Can I even afford a small set up? Is there a way for me to put a set on my mantle 20 inches wide by 56 inches without selling the house to do it. Maybe I'll have to go to N to afford something. Suggestion wanted on starting up prices and where to buy with good prices. Ron


----------



## tworail (Apr 13, 2006)

Best bet for Z is on Ebay. There is tons of Marklin/Micro Trains stuff on there, and if you keep on top of it deals can be had.

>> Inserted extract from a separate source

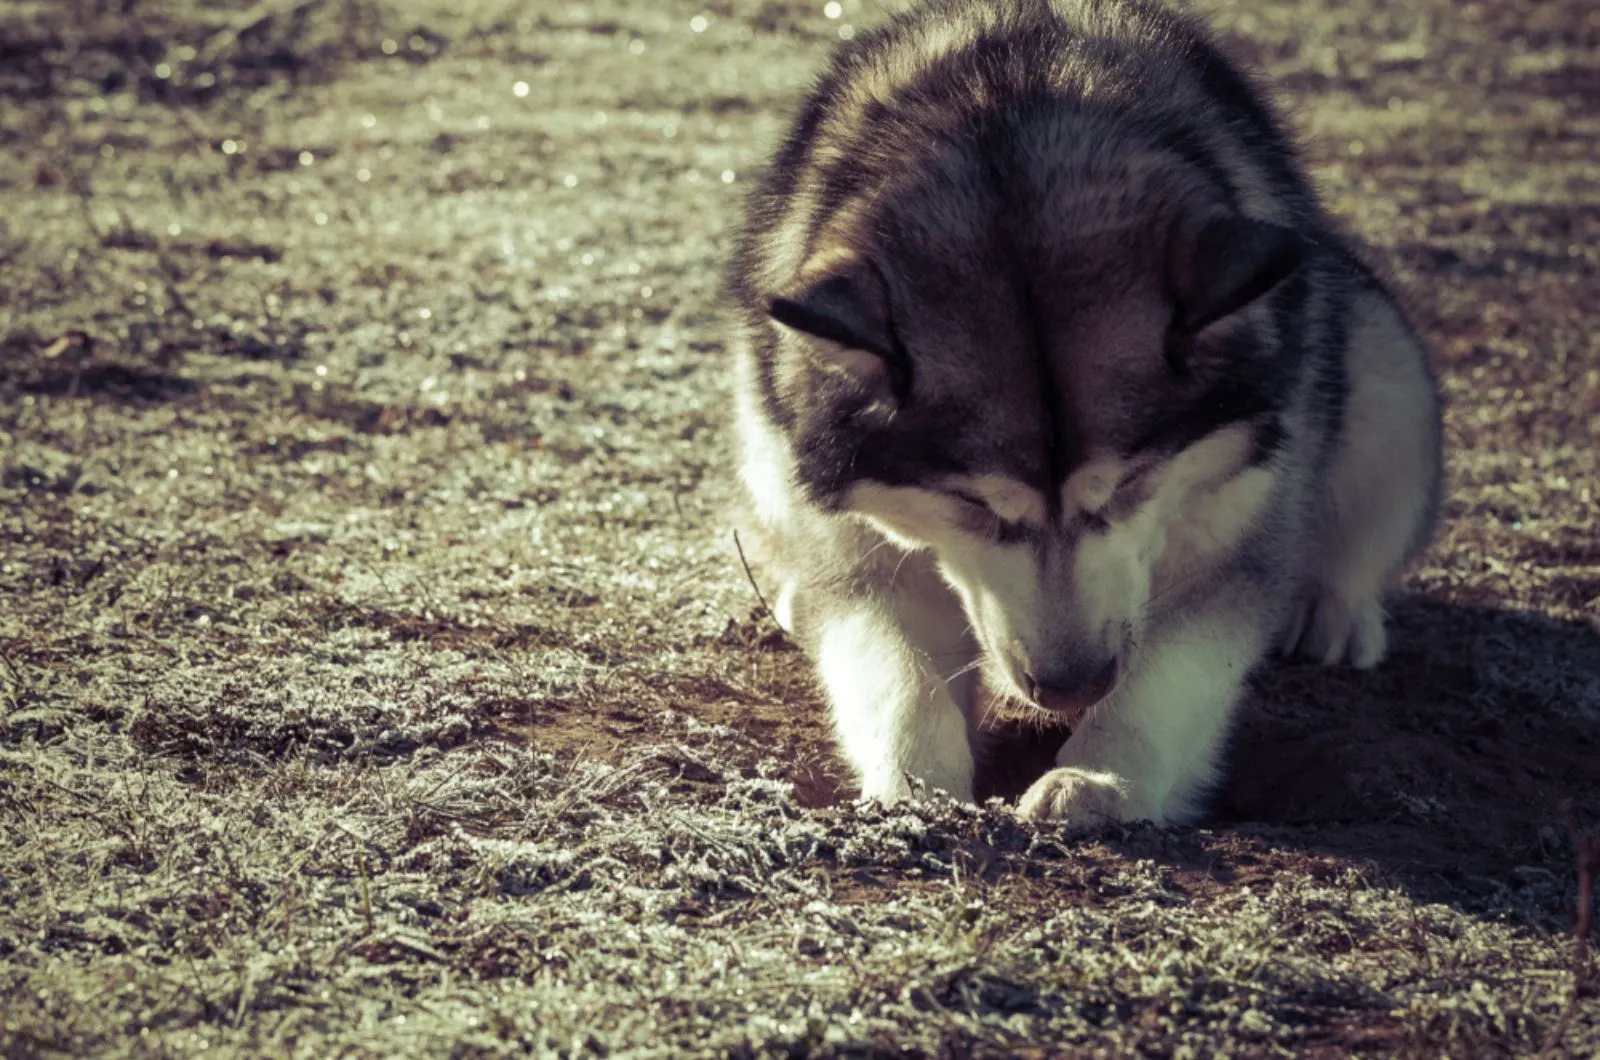 alaskan malamute is digging a hole in the ground

Also check your local hobby shop to see if they stock some Z starter sets. That way you will get something that works plus the support from the shop when you need it.


----------



## darticus (Sep 23, 2010)

*Thanks*

I bought the Walthers catalog for N and z today so getting siked. Really would like the Z size. So I will keep my eyes open on eBay. Maybe one brand is better than another. Have to check out. Ron


----------



## Nightowl4933 (May 11, 2011)

There is usually quite a selection of Z scale on eBay (or Spur Z in Europe) but prices are quite high for decent stuff.

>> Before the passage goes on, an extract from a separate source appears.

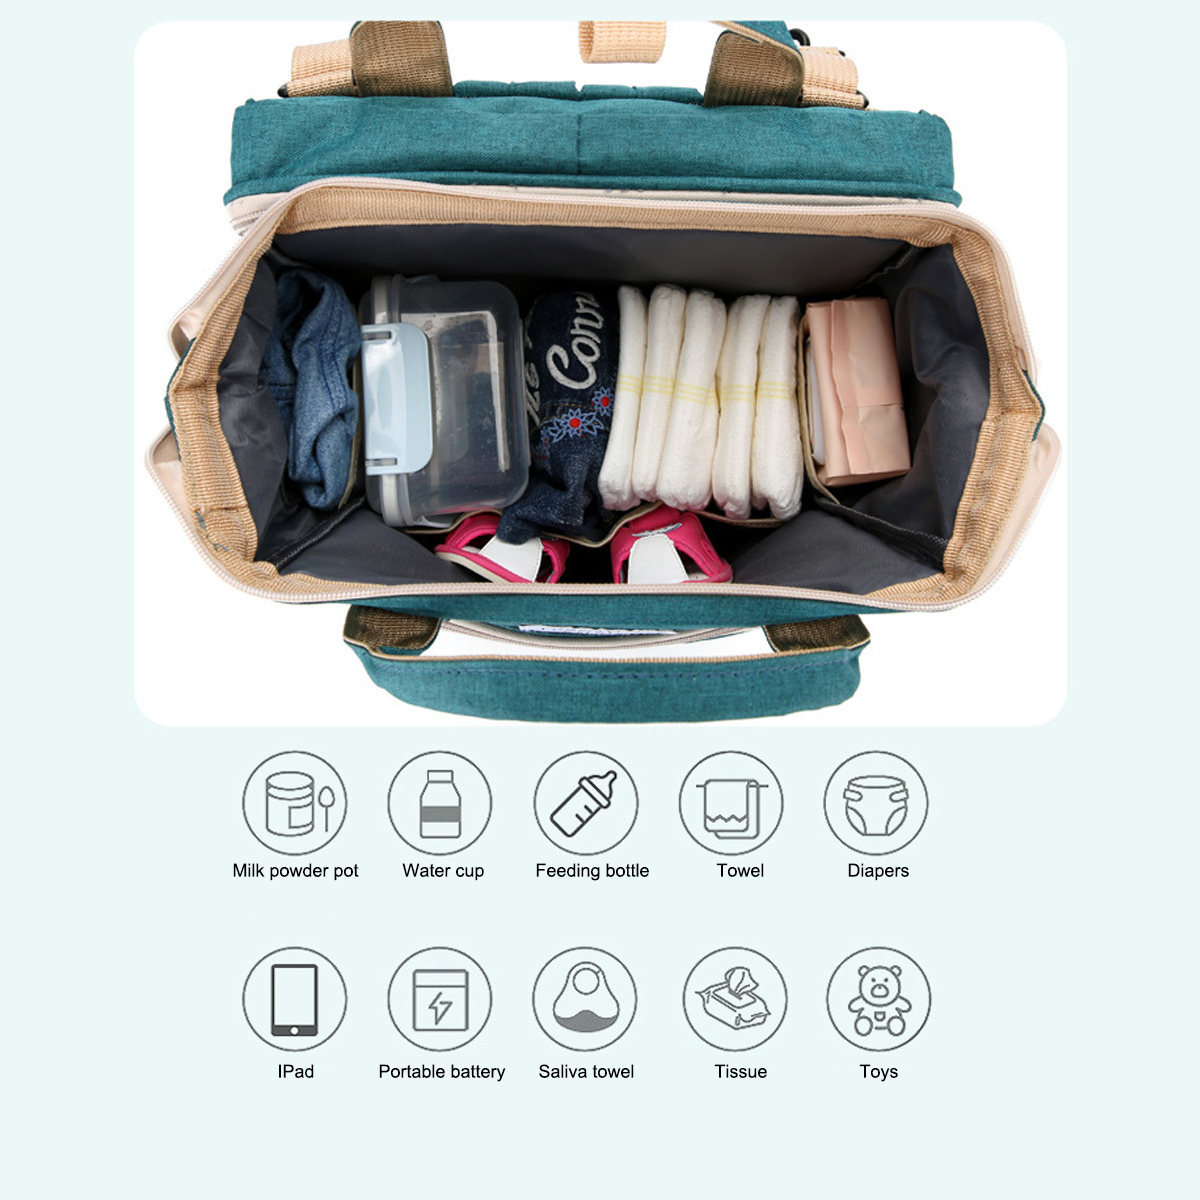 Diaper Bag Backpack, Multifunction Baby Bag with Changing Station, Foldable Crib, Insulation Milk Bottle Pocket, Waterproof Large Capacity Travel Bag with USB Charging Port, Gift for Mom Dad - image 5 of 11

I'd think about getting a small starter set to play with for a while, to see how you get on with it - or find someone else who has some!

I started this way and have managed to accumulate quite a lot over the last 3 years. The layout has grown like topsy and expenditure is purely on scenery as I've got all the track and rolling stock I need.

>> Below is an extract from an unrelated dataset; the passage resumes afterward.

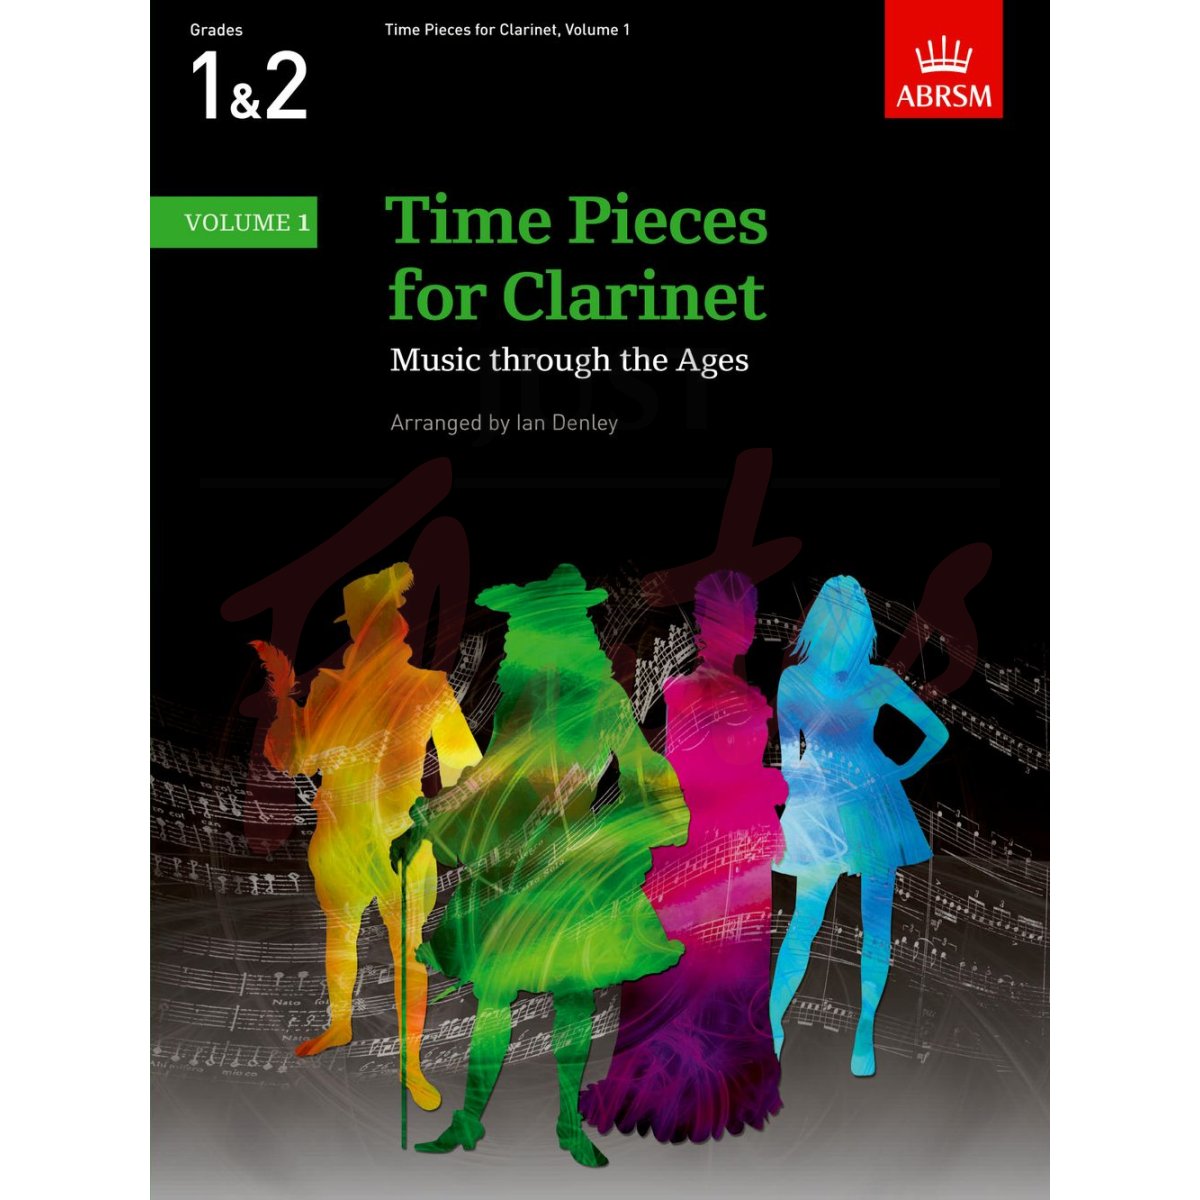 Time Pieces for Clarinet

I am thinking about building an exhibition layout, though, which is really easy with Z gauge! 

Pete


----------



## Subway Fugitive (Jul 16, 2011)

darticus said:


> Can I even afford a small set up? Is there a way for me to put a set on my mantle 20 inches wide by 56 inches without selling the house to do it. Maybe I'll have to go to N to afford something. Suggestion wanted on starting up prices and where to buy with good prices. Ron


That is about the size space I have to play with. Have you learned anything new during your journey?

Thanks, Mike


----------



## darticus (Sep 23, 2010)

Just look at layouts online and ask questions everybody will help. I did move on the N scale after completing my z layout so I could add sound to all trains, DCC. Ron



Subway Fugitive said:


> That is about the size space I have to play with. Have you learned anything new during your journey?
> 
> Thanks, Mike


----------



## SwiCago (Aug 14, 2013)

I know that this thread is a bit older, but as others have suggested. ebay ...and if you want better deals for Marklin, go to ebay.de ...A lot of sellers speak English, accept paypal and are willing to ship to the US if asked nicely. I have gotten most of my SBB z-scale from Germany and the UK.
Another tip is to gather item numbers your are interested in and setup a custom search on ebay.
Ex: marklin (88447, 88453, etc......)
Last tip, check past sold prices on items you want, to gauge how much you should be willing to bid...this will keep you from over bidding and make you smarter to wait for the better deal.


----------